From the material below, return exactly the lines starting at the one that holds "Advantages and disadvantages" and ending at the one that holds "AEG 64800 manual". Pictures stay out of the answer.

━━━━━ Task input

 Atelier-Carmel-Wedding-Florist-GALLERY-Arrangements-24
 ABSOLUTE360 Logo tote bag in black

━━━━━━━━━━
━━━━━ Task input

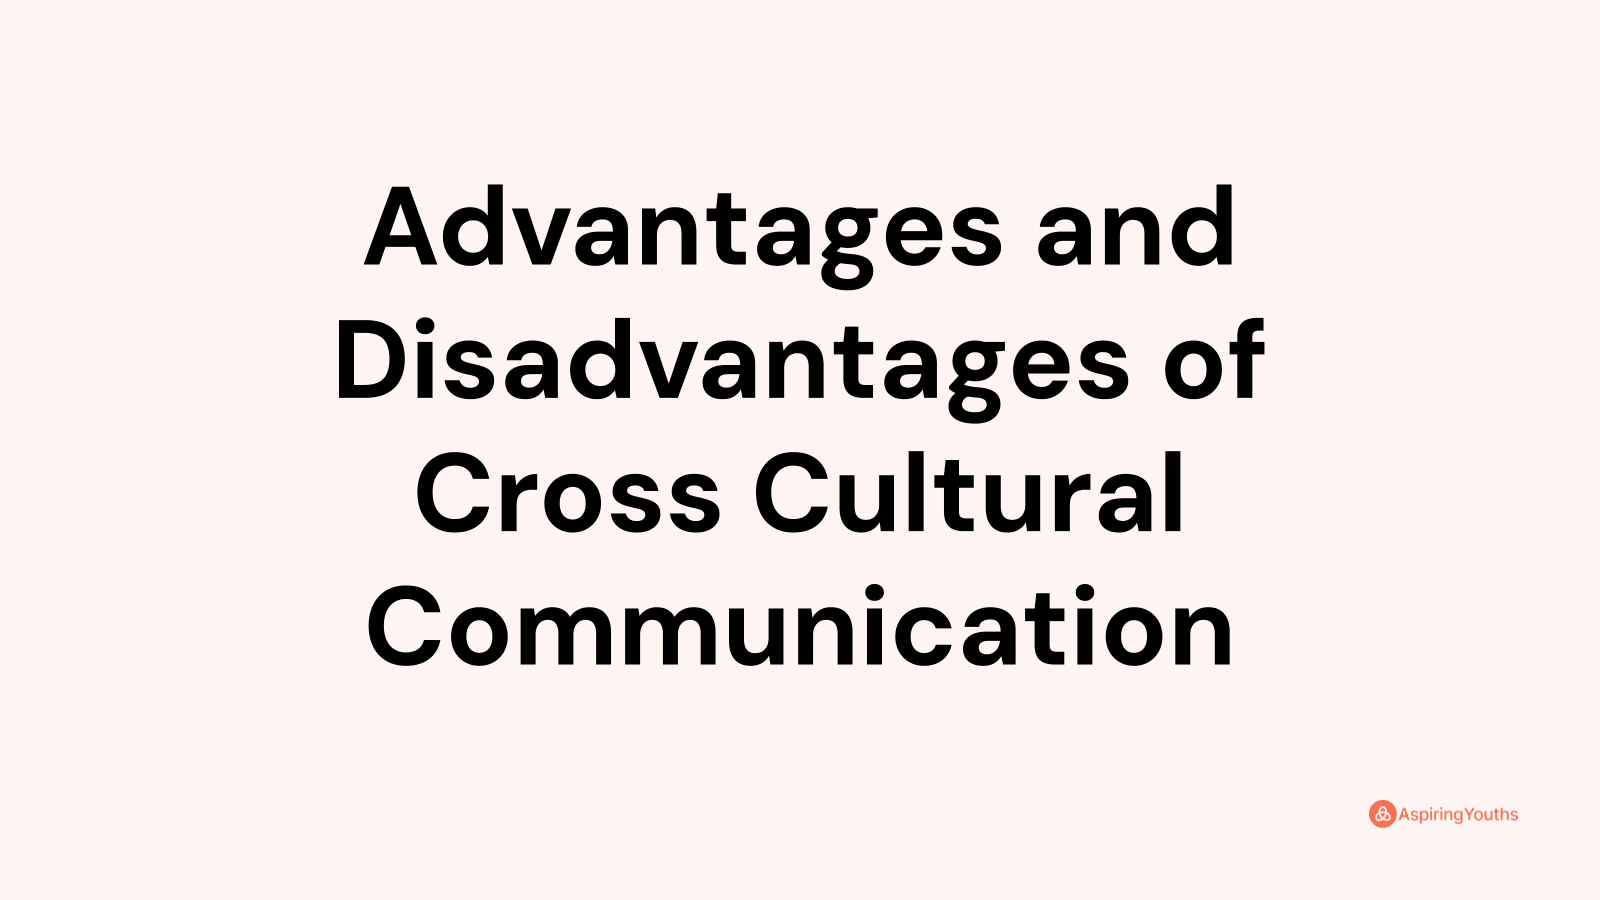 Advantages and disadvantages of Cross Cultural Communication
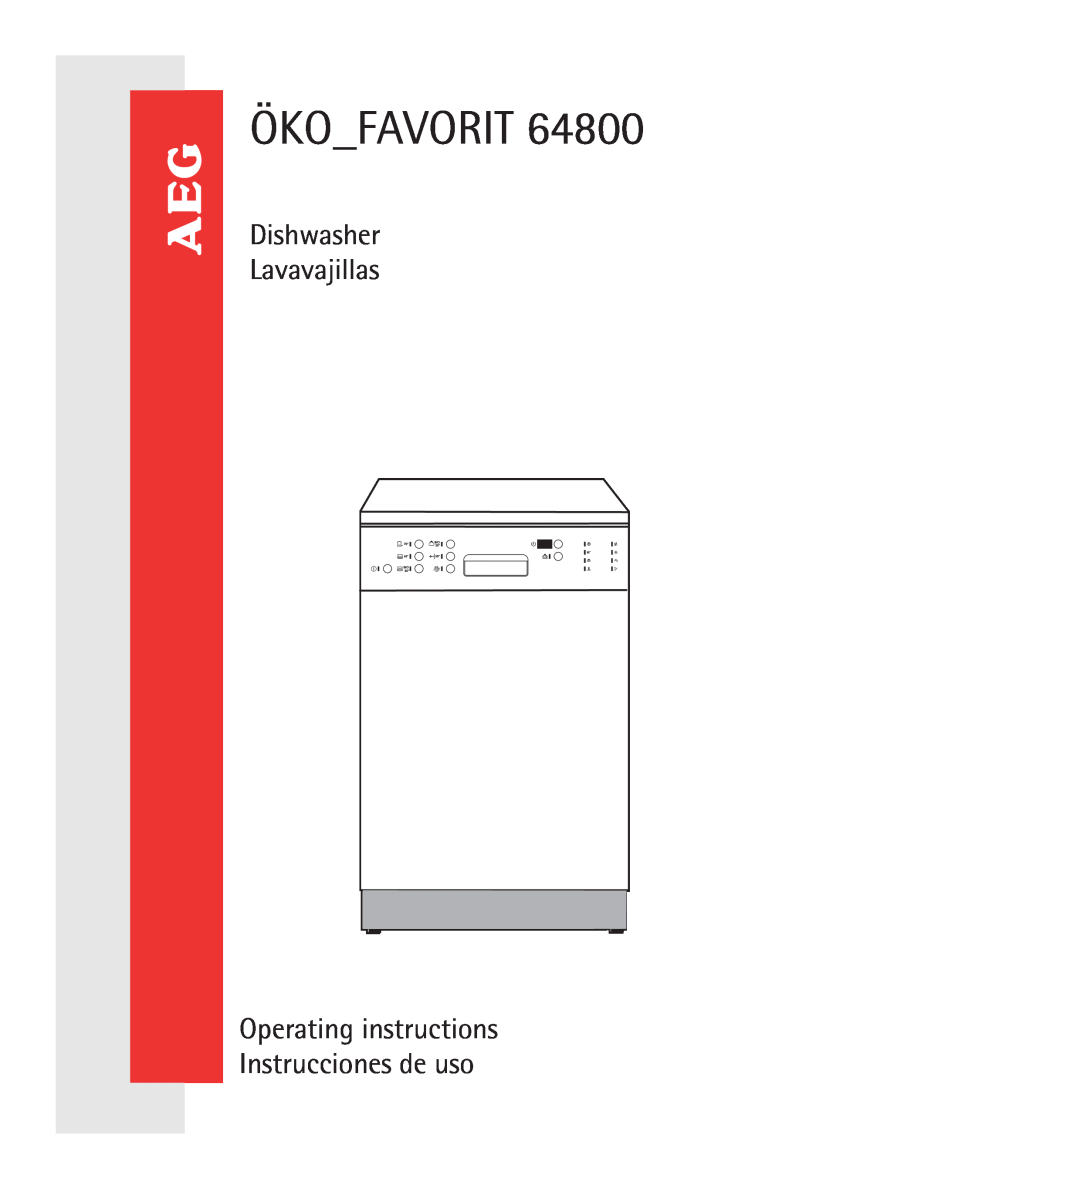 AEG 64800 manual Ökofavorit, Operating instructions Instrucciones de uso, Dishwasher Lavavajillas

━━━━━━━━━━

### Solution for this problem
 Advantages and disadvantages of Cross Cultural Communication
 AEG 64800 manual Ökofavorit, Operating instructions Instrucciones de uso, Dishwasher Lavavajillas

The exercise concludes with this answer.